DIRECTIONS FOR THIS TASK: When you repeat the material, keep each line exact and omit the pictures.

DATA SEGMENT:
::::::

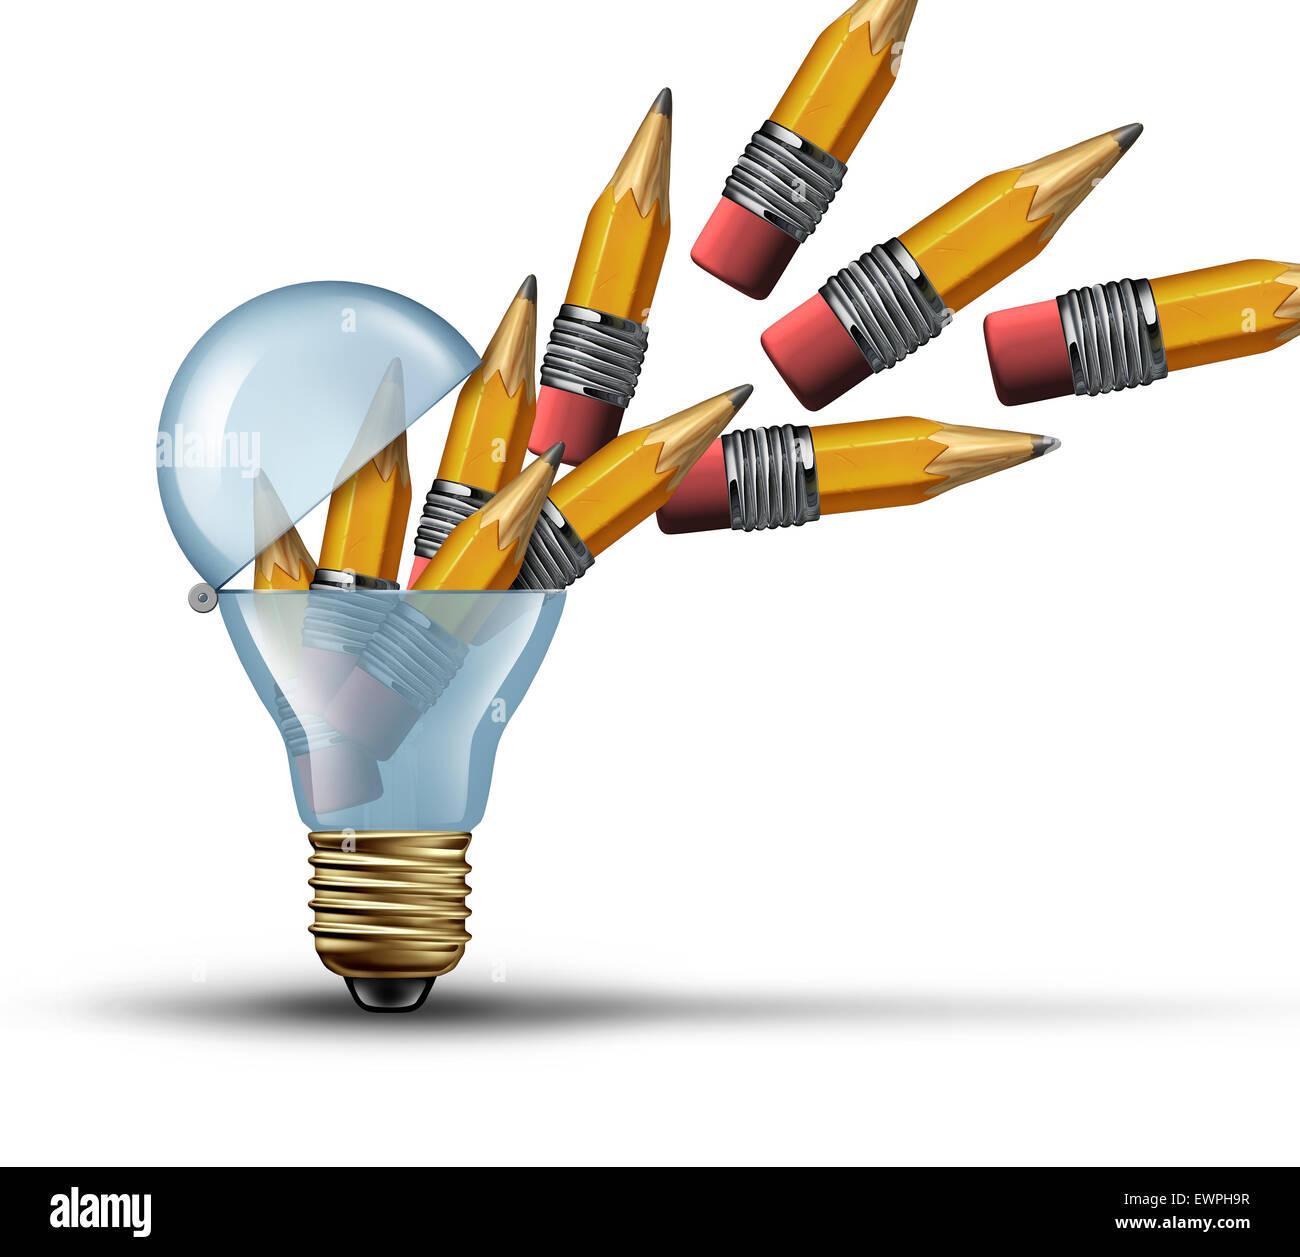 La imaginación y la creatividad como un concepto abierto de bombilla o símbolo de bombilla para pensar Imagen De Stock
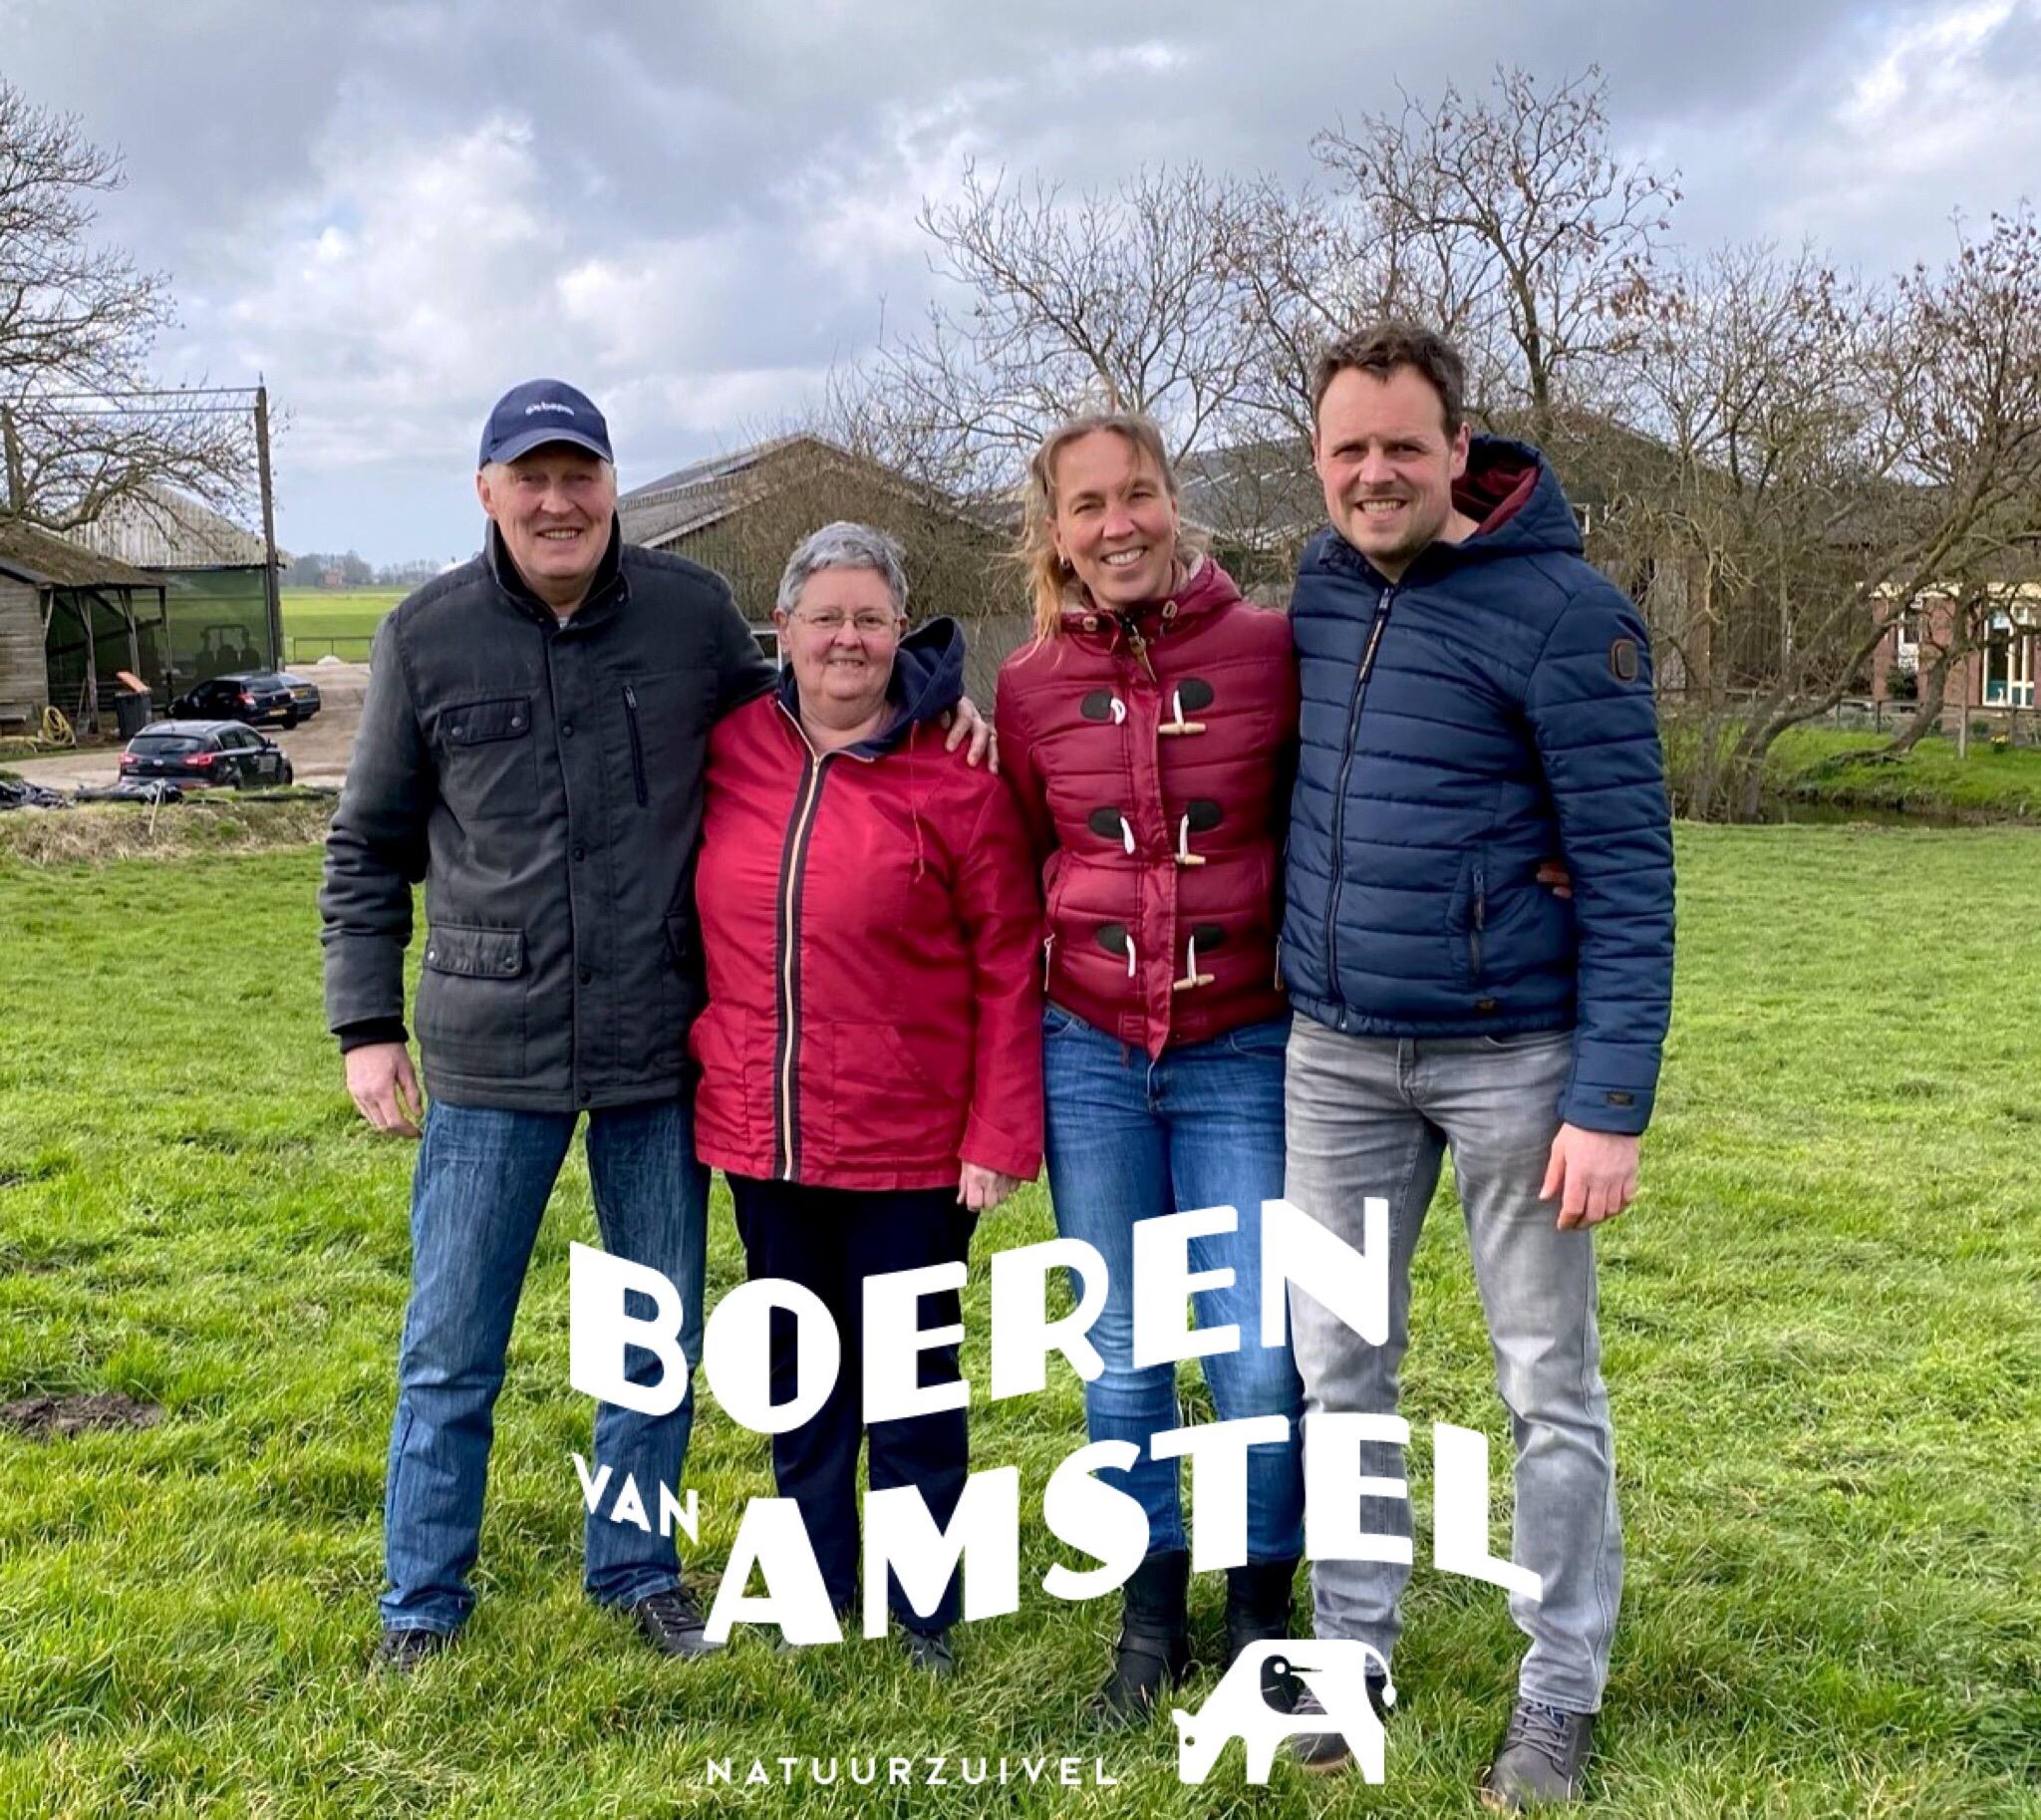 https://www.boerenvanamstel.nl/wp-content/uploads/2021/03/Foto-Van-Blaaderen.jpeg
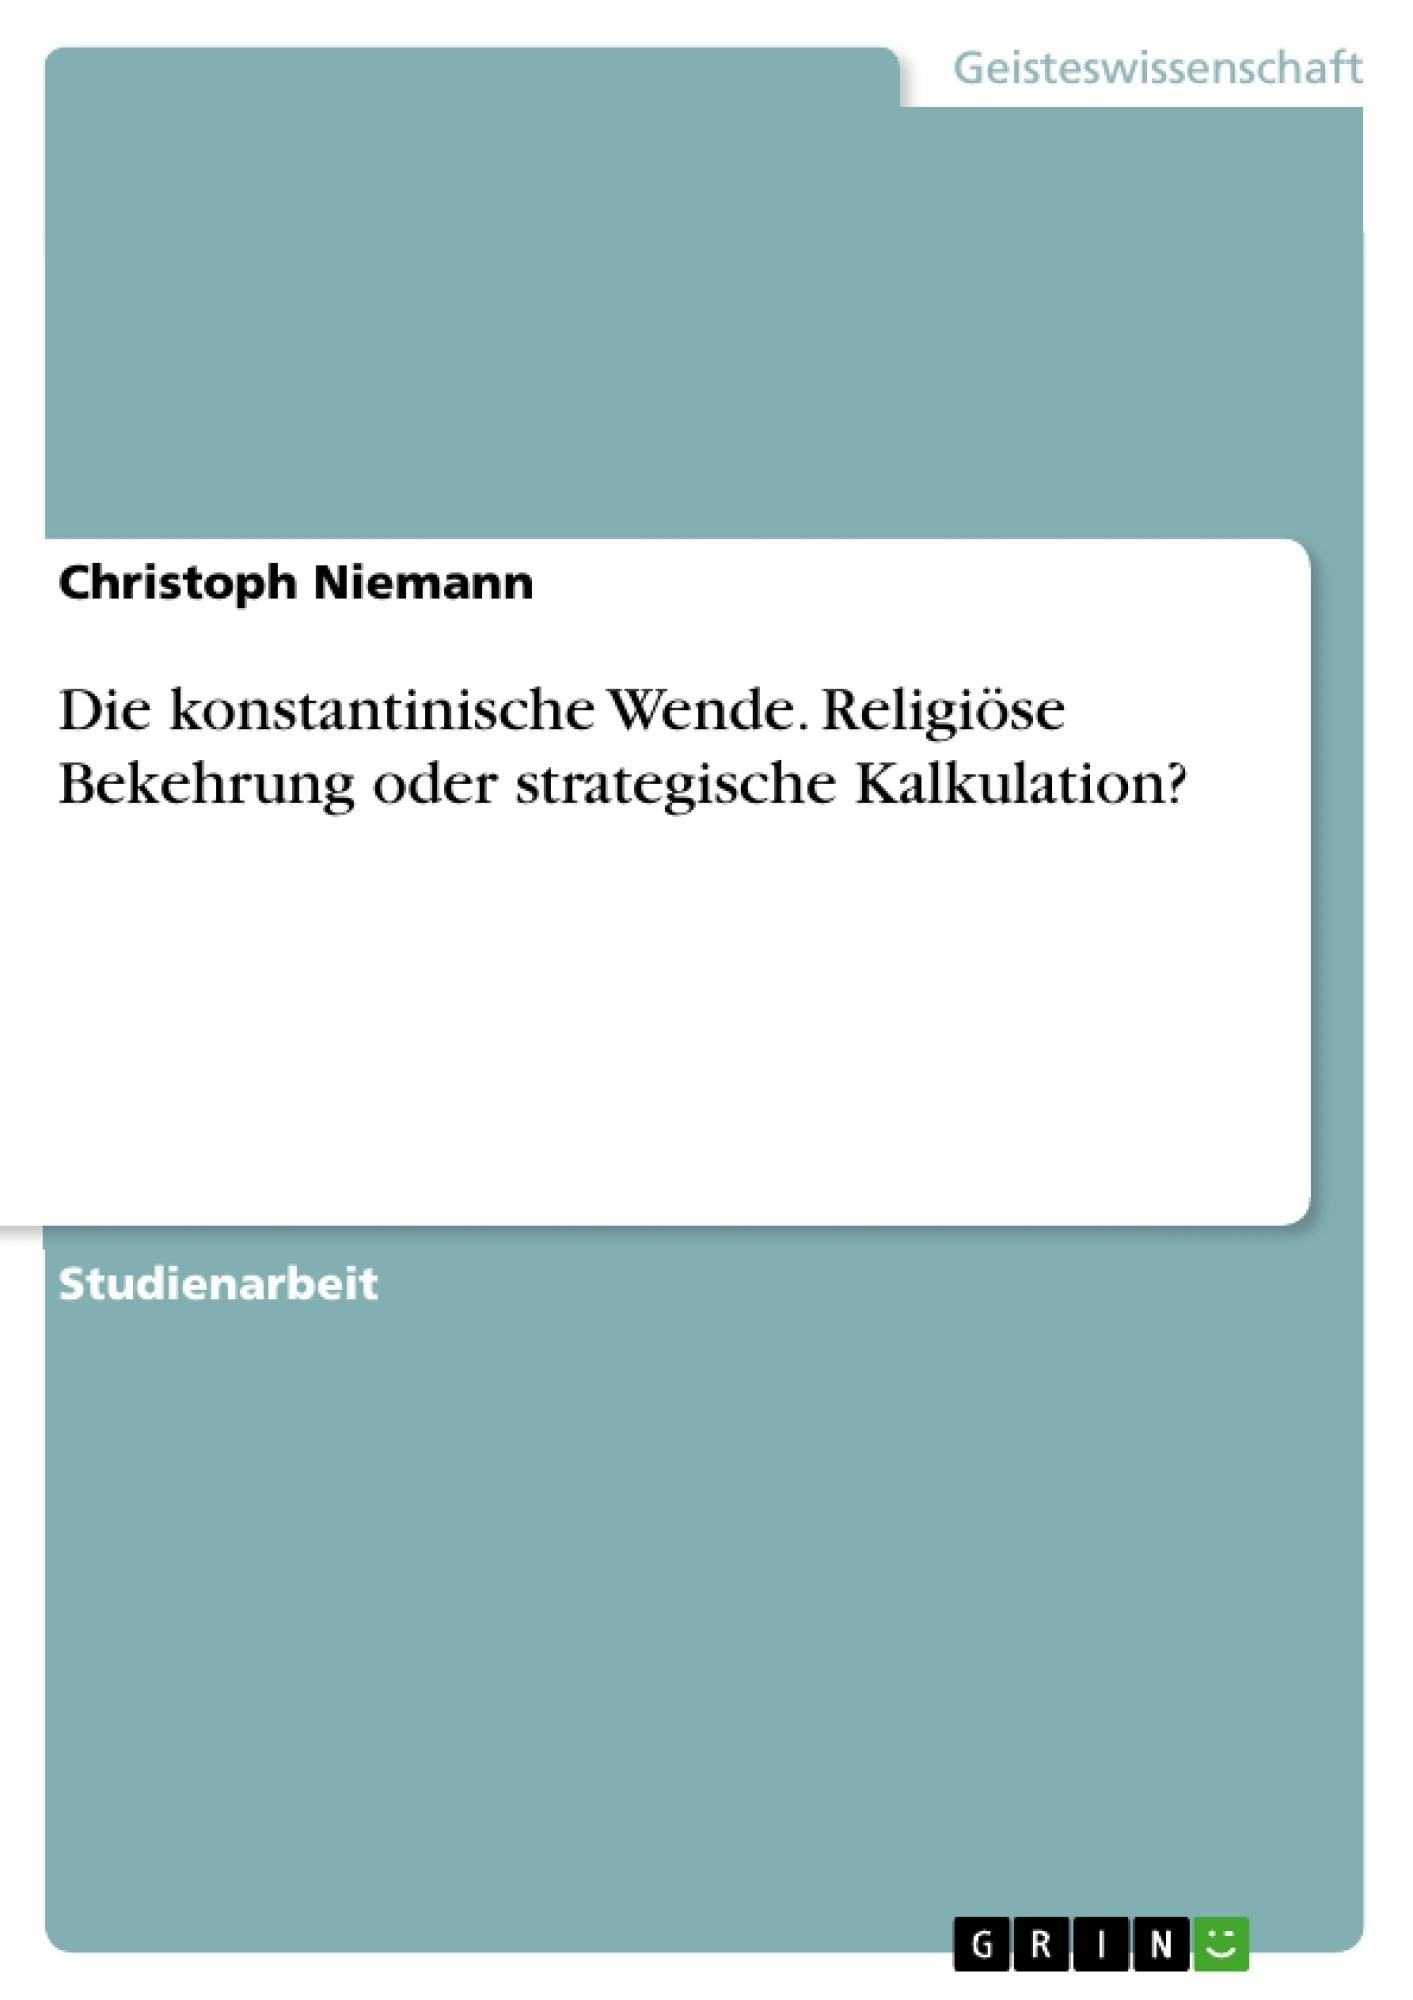 Titel: Die konstantinische Wende. Religiöse Bekehrung oder strategische Kalkulation?

::::::

TASK RESULT:
 La imaginación y la creatividad como un concepto abierto de bombilla o símbolo de bombilla para pensar Imagen De Stock
 https://www.boerenvanamstel.nl/wp-content/uploads/2021/03/Foto-Van-Blaaderen.jpeg
 Titel: Die konstantinische Wende. Religiöse Bekehrung oder strategische Kalkulation?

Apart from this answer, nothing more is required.